Ademais disso, convém salientar que quanto ao período anterior à vigência da Lei n.º 8.213/91, como se percebe da interpretação do § 2º do artigo 55 da lei de benefícios, o cômputo do tempo rural independe de carência mesmo para a obtenção de benefícios urbanos, havendo restrição apenas à contagem recíproca (art. 96, IV, da Lei n.º 8.213/91). Cumpre registrar, outrossim, que eventuais contribuições vertidas na condição de autônomo em parte do período de carência não têm, desde logo, o condão de descaracterizar a condição de segurado especial, desde que se possa inferir, do conjunto probatório dos autos, que as atividades exercidas tiveram caráter nitidamente complementar, o que, aliás, é costumeiro ocorrer entre os trabalhadores rurais, ante a sazonalidade de suas atividades.

Isso porque a lei de benefícios, em particular o artigo 11, nada refere neste sentido que possa obstaculizar o reconhecimento pretendido, desde que fique demonstrado que a subsistência e manutenção sempre dependeram, preponderantemente, da atividade agrícola exercida.
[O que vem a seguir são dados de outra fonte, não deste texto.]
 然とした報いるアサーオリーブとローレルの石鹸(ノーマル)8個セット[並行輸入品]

No caso concreto, pretende a autora, nascida em 29/12/1967, o reconhecimento de labor rural no período de 29/12/1979 a 29/12/1991.
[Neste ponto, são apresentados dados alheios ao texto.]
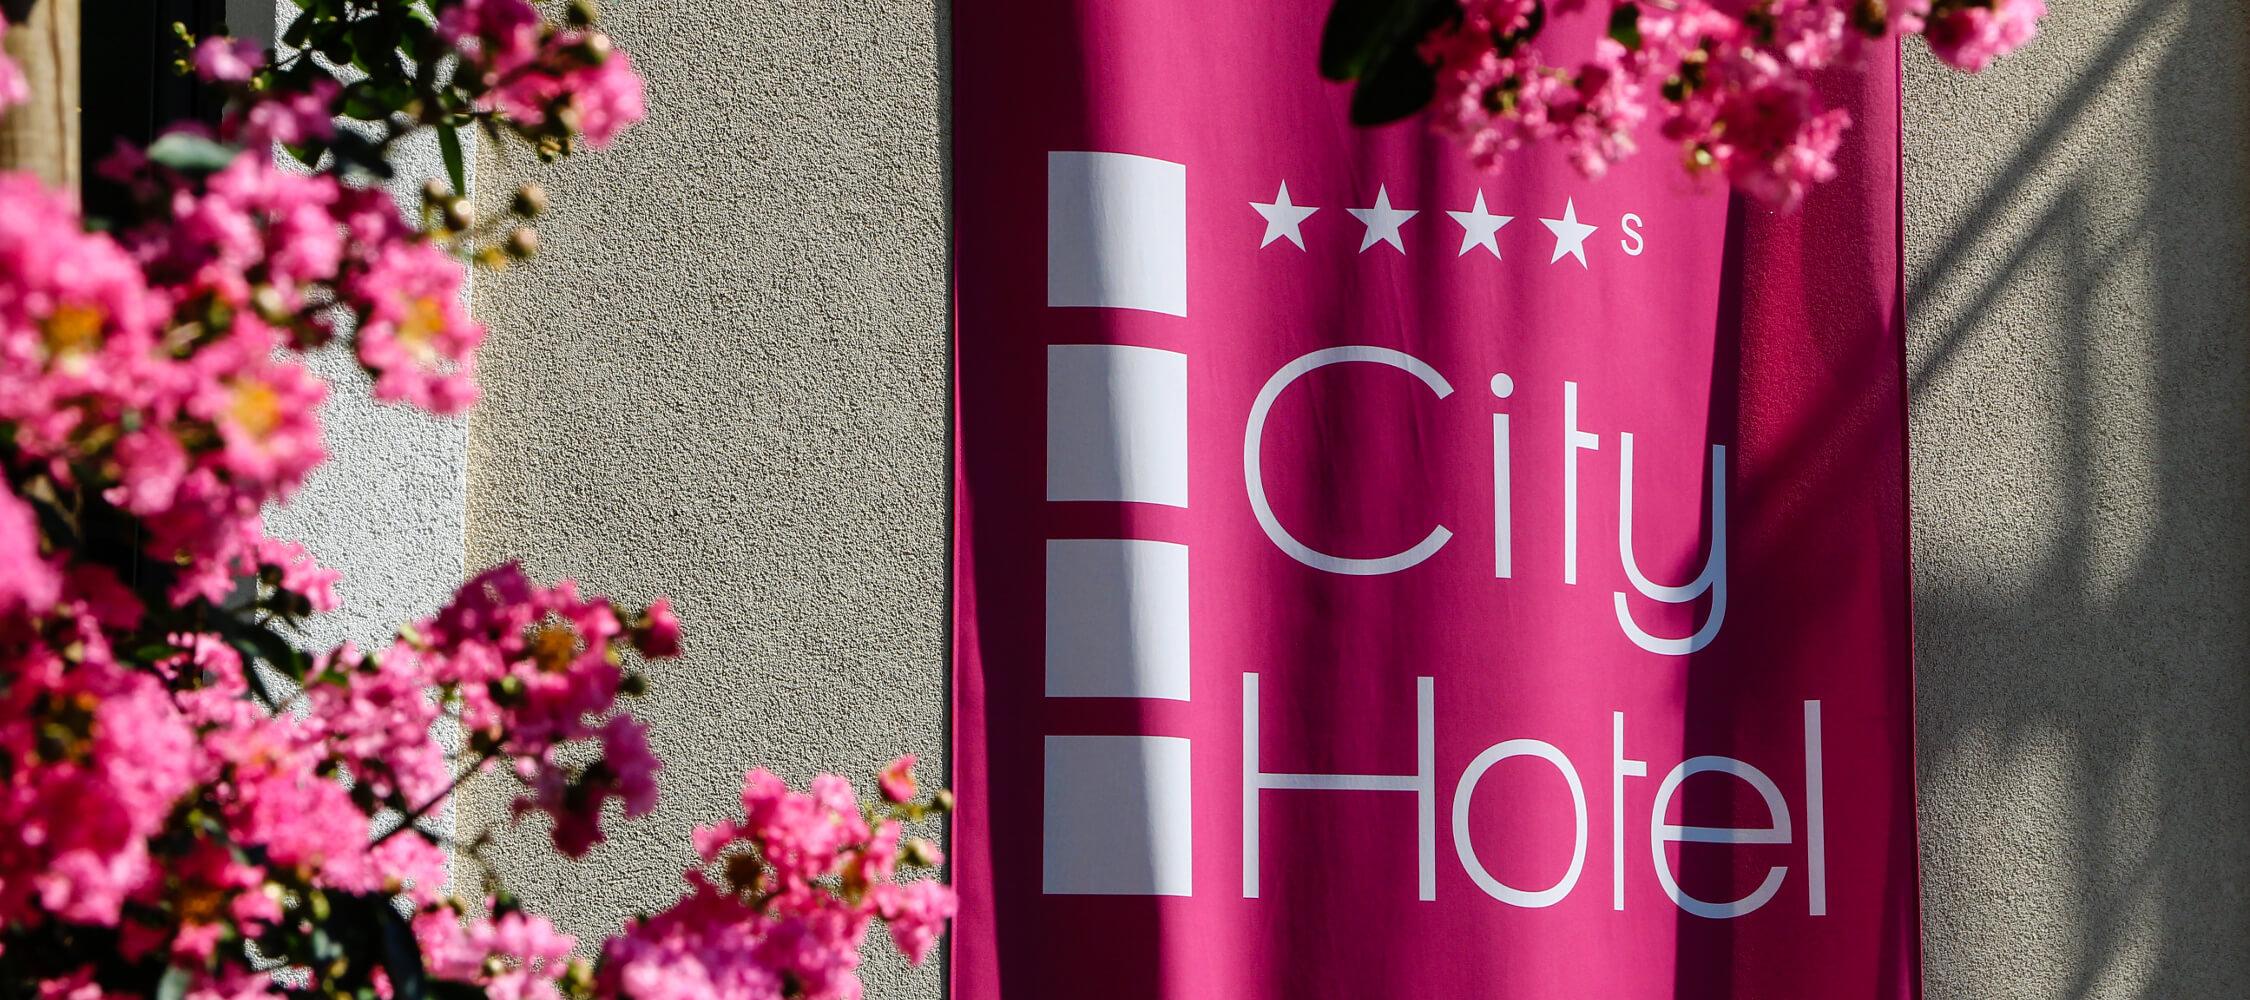 City Hotel Meran, 4-Sterne superior, modern und trendy, wenige Gehminuten zur Altstadt Merans

O INSS indeferiu o pedido administrativo formulado em 24/05/2020 (fl. 83 do PA).

Para efeito de comprovação do alegado na exordial, a autora trouxe aos autos cópia dos seguintes documentos:

Certidão de nascimento da autora, na qual consta que nasceu em Guarda dos Ferreros, Município de São Gotardo/MG, não há qualificação profissional dos genitores (fl. 17 do PA);

Notas fiscais de entrada em nome do genitor da autora,Ataide Faria de Oliveira, com datas de 10/04/1971, 11/03/1972, 30/05/1973, 29/05/1975, 15/05/1976, 09/06/1977, 18/02/1978, 06/05/1979, 01/05/1981, 02/01/1982, 11/11/1983, 17/12/1984, 30/04/1985 (fls. 19/46 do PA).

Referidos documentos constituem início razoável de prova material que denota ter a autora realmente desempenhado atividade campesina, no período de 1979 a 1985.

Impende ressaltar que, em seu depoimento pessoal, a parte autora afirmou que deixou o campo com 18 anos de idade, quando se mudou para a cidade.

O início de prova material foi corroborado pela prova testemunhal, tendo as testemunhas declarado, em síntese, que a autora trabalhou na lavoura, em regime de economia familiar. A primeira testemunha, Álvaro dos Anjos, alega ter morado em um sítio vizinho ao da autora de 1979 a 1989. Disse que no sítio do pai da autora cultivavam lavoura branca, para subsistência em regime de economia familiar, sem maquinário e nem empregados.

A segunda testemunha ouvida, Anita Pereira dos Santos, disse que viveu na região dos 47 anos aos 57 anos, sendo que, verificada a sua data de nascimento, seria do interregno de 1987 a 1997, ou seja, em período não pertinente ao que se pretende comprovar, conforme acima delimitado.

A terceira testemunha ouvida, José Clemente Barbosa Miranda, afirmou ter morado em sítio vizinho ao pai da autora de 1980 até 1984 quando ele, depoente, se mudou para São Paulo.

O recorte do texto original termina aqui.